*What to work on:*
Once you find the line with "Porte vignette cylindrique - Sifam TDH004" in the listing below, set down exactly every line from it through the line with "snowflakes christmas paper", but no pictures.

*Dataset entries:*
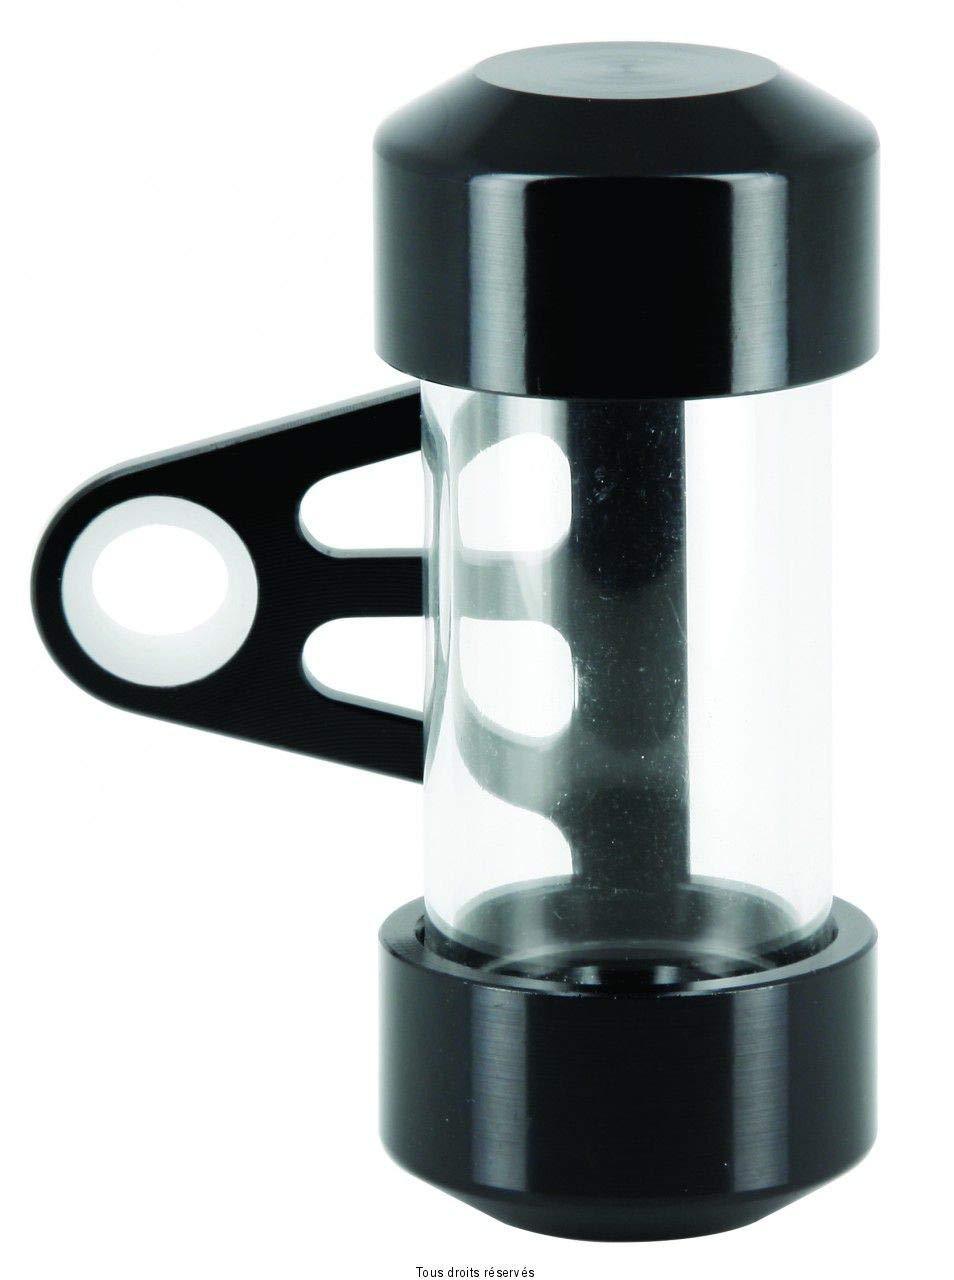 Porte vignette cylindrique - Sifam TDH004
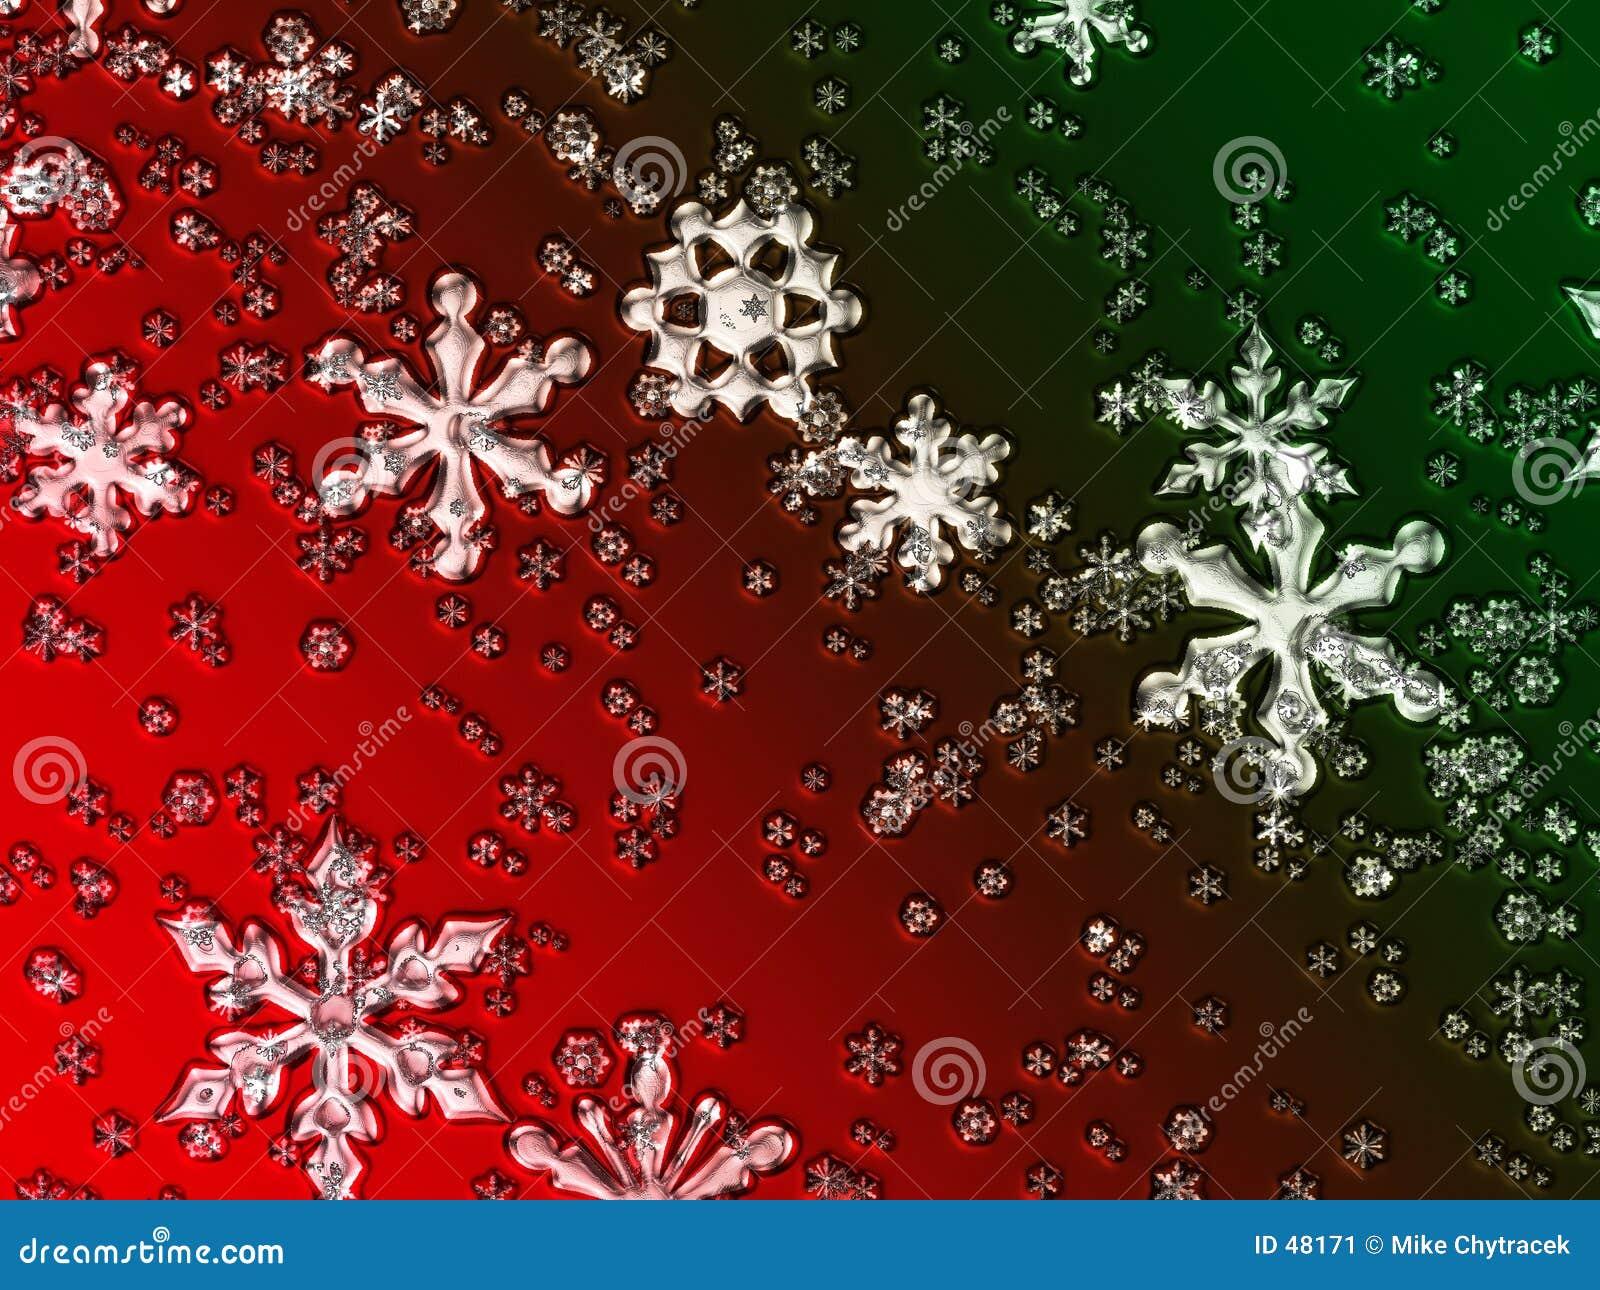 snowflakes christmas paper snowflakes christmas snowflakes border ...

...

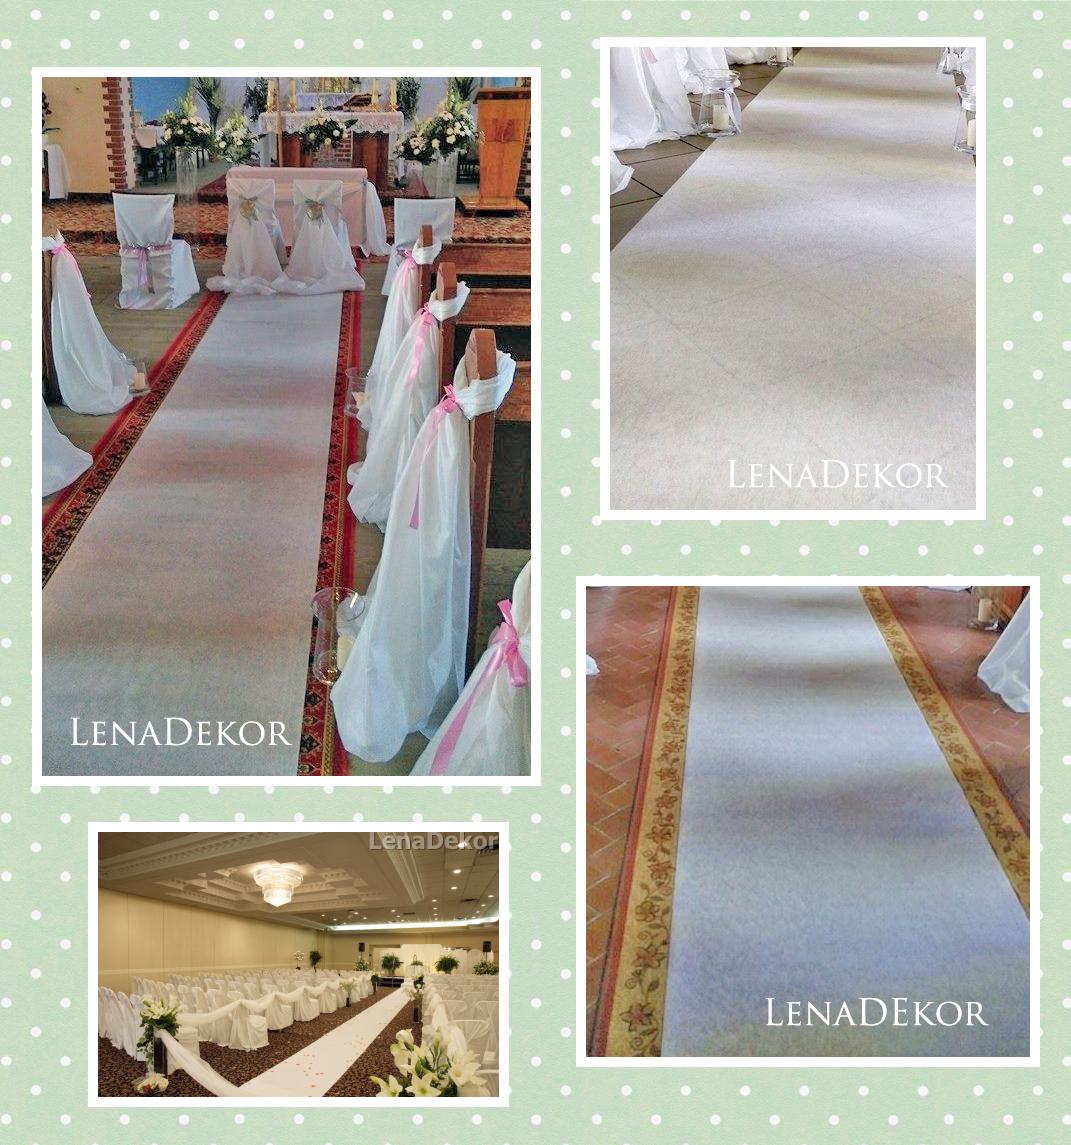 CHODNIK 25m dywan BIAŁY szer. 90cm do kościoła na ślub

==

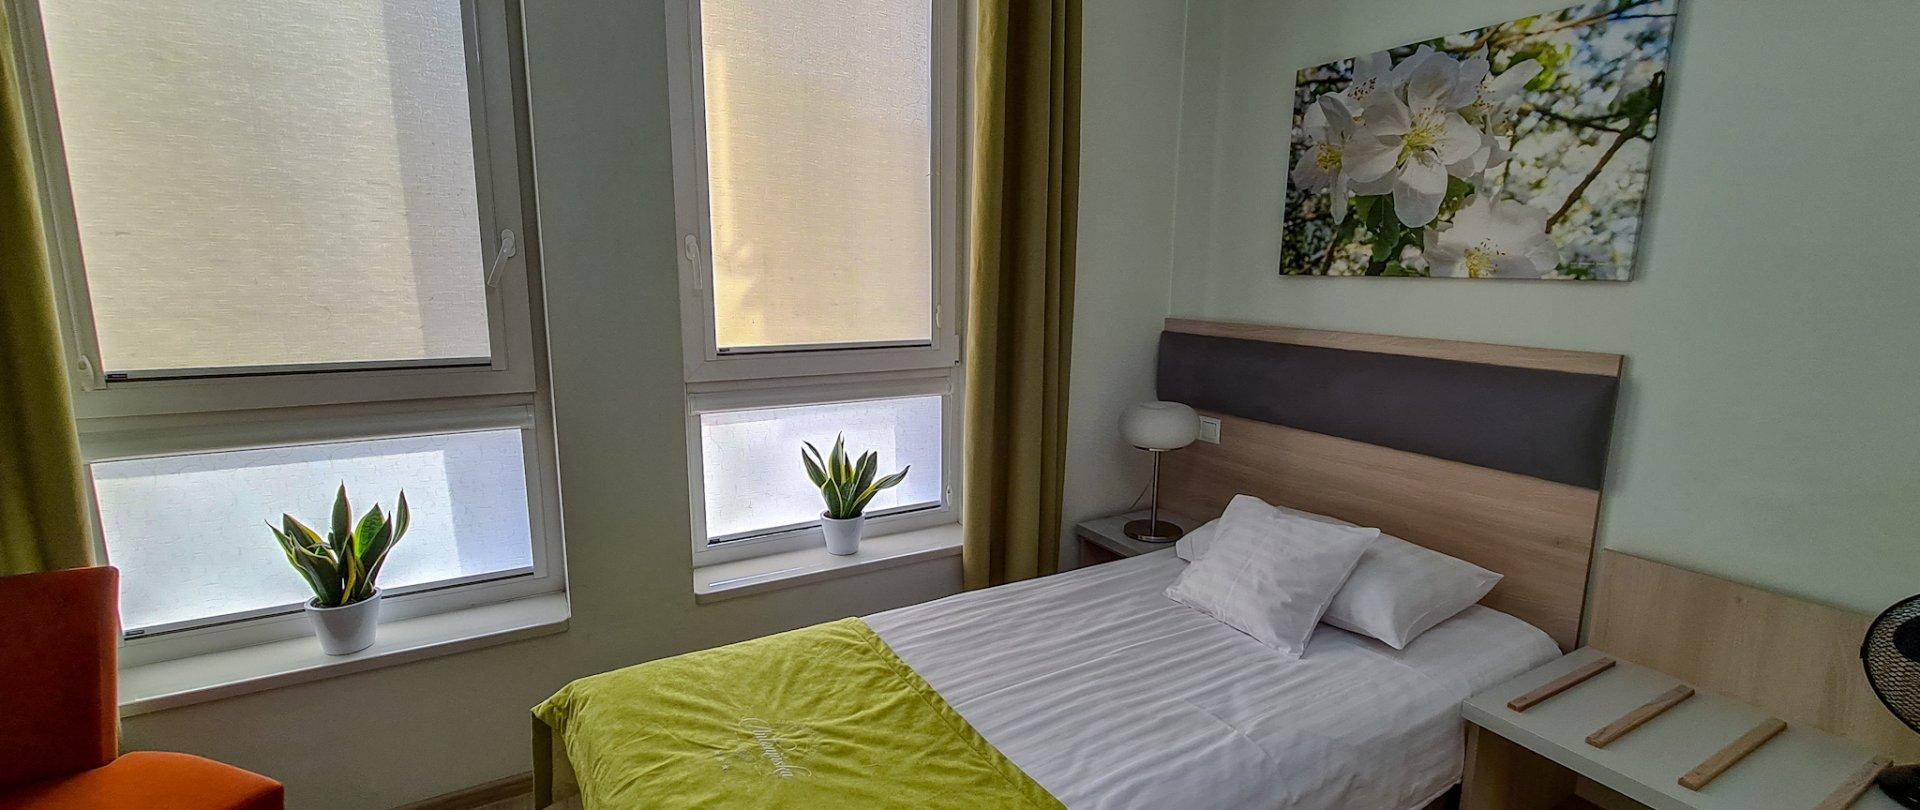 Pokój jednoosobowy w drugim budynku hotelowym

*Answer section:*
 Porte vignette cylindrique - Sifam TDH004
 snowflakes christmas paper snowflakes christmas snowflakes border ...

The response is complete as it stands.